I like how the cities of Saskatchewan are easy to access, there’s no big long suburban sprawl or tangle of off-ramps coming and going. You’re in the country and suddenly, you’ve arrived. I decided before entering the Abbey I’d treat myself to beer and ended up having a long conversation on a slow night with the young server about the rise of microbreweries. She kept bringing me samples of pale ales until I decided I preferred the scotchy flavour of the Nokomis.
The next morning I met Judith for coffee at Citizen Bakery and we talked about life in Val Marie. She spends spring and fall just across the road from me in her tiny log house she won in a Save-Our-elevator draw built by Maurice using elevator lumber. But I rarely get to see her. This summer she interviewed the truck drivers, immigrants from the Punjab, who worked on the highway, getting their perspective on life in rural Canada as new Canadians. After coffee I stopped at The Gabriel Dumont Institute to buy books for the museum and also a shirt for me that read: “Keeping It Riel”. All the while, my characters waited patiently for me to get to my destination so they could begin to dictate to me.
The minute I walked into the Abbey I was inspired by the perfect silence, the walls of paintings and the shelves and shelves of books, mostly interpretations of the first guide for monks, The Rule of Benedict, written as a response to the increasing wealth and greed of church leaders. I lugged my bags and books to my room, my name posted on the door at the end of a long and maze-like path marked with yellow dots to writers’ rooms so that we would not wander lost into the off-limits monks quarters.
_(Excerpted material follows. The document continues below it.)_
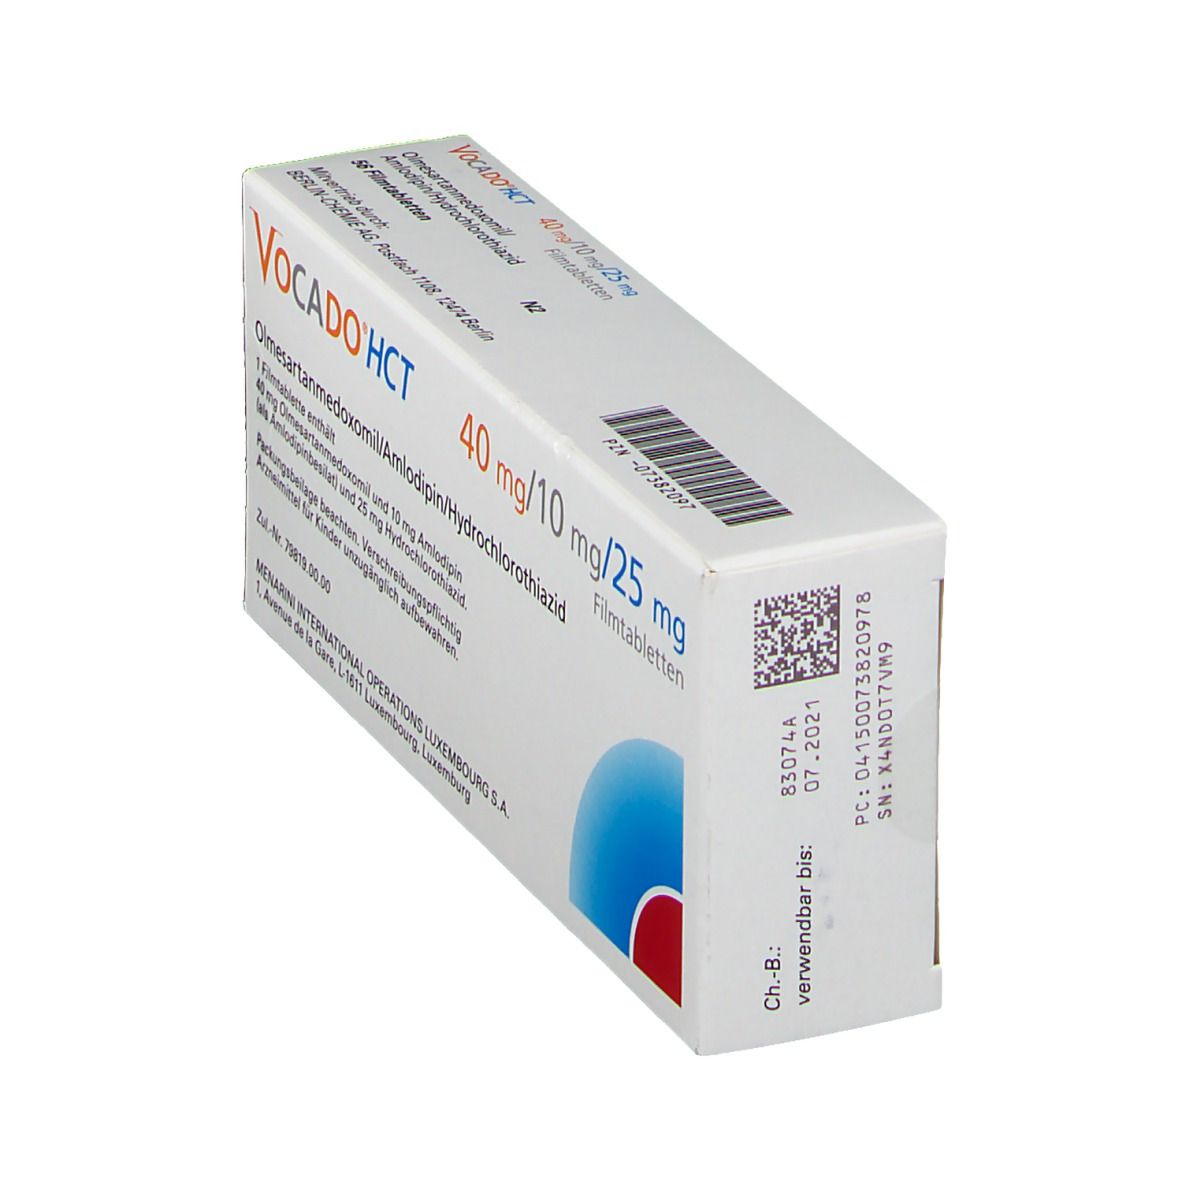 Vocado®HCT 40 mg/10 mg/25 mg
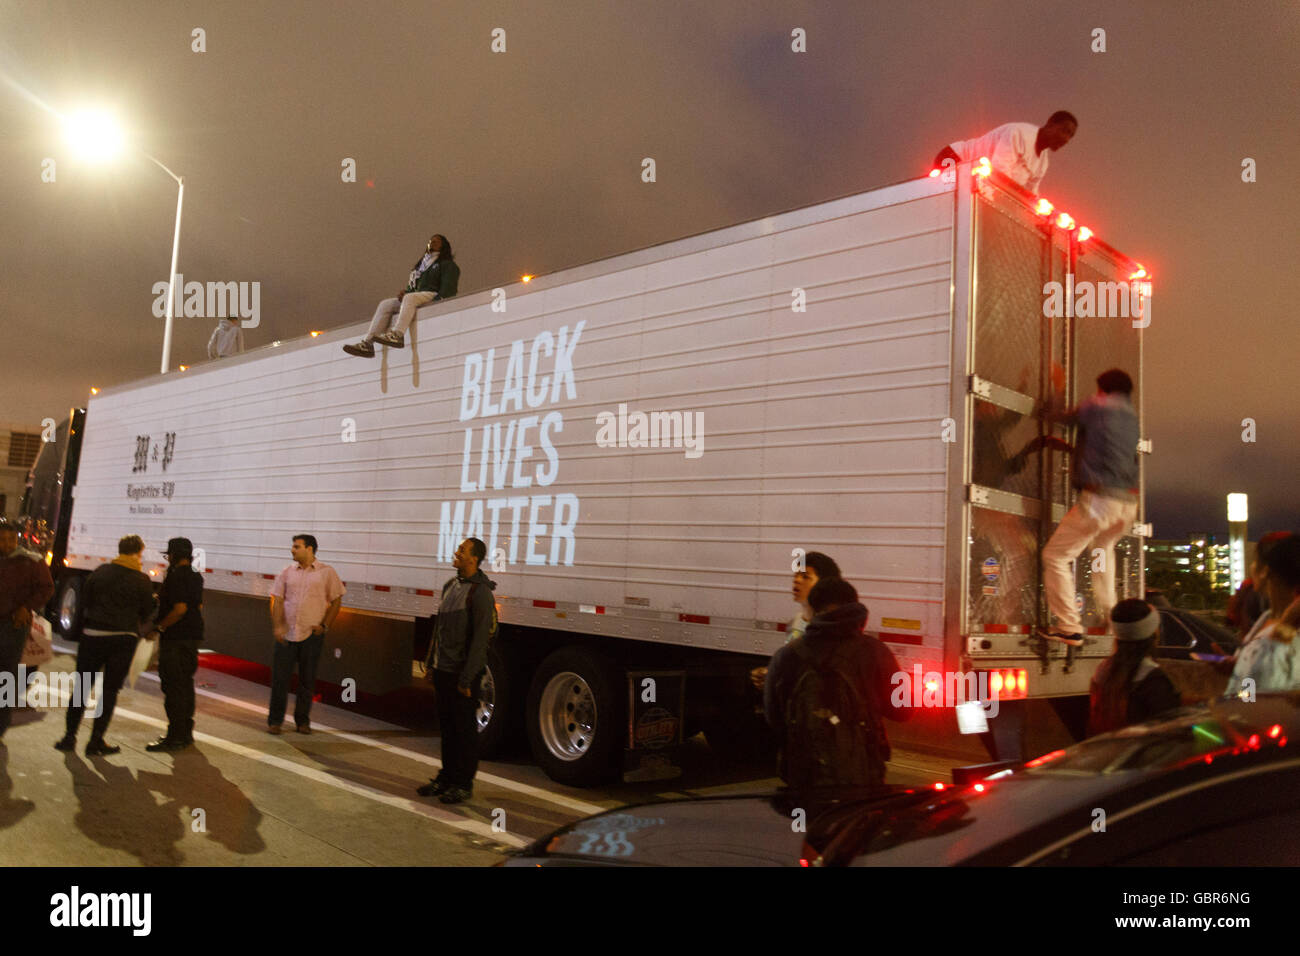 Oakland, Californie, USA. 7 juillet, 2016. Les protestataires ont grimpé en haut d'un gros camion et projetés 'Black vit" sur le côté. Crédit : John Orvis/Alamy Live News Banque D'Images

Once settled in, Fr. Demetrius greeted us and gave us a tour, as he has done for twenty years, in his robes and mischievous smile. Already I’ve made a note to self to change my Jesuit character into a Benedictine.
At the end of Fr. Demetrius’ tour he shows us where he keeps the peanuts for the chickadees who live in the trees out back by the monk’s cemetery. “They’ll eat right out of your hand, “ he promises. “Oh and,” he adds, before leaving us to our writing, “if you should hear a loud bang in the morning, don’t be alarmed. It’s just me with one of my rifles, taking out a skunk or magpie, they’re attacking our chickadees.” He waits for the shocked look I’m sure he gets every time he mentions his guns, then reminds us: “ We’re Benedictines, not Franciscans.”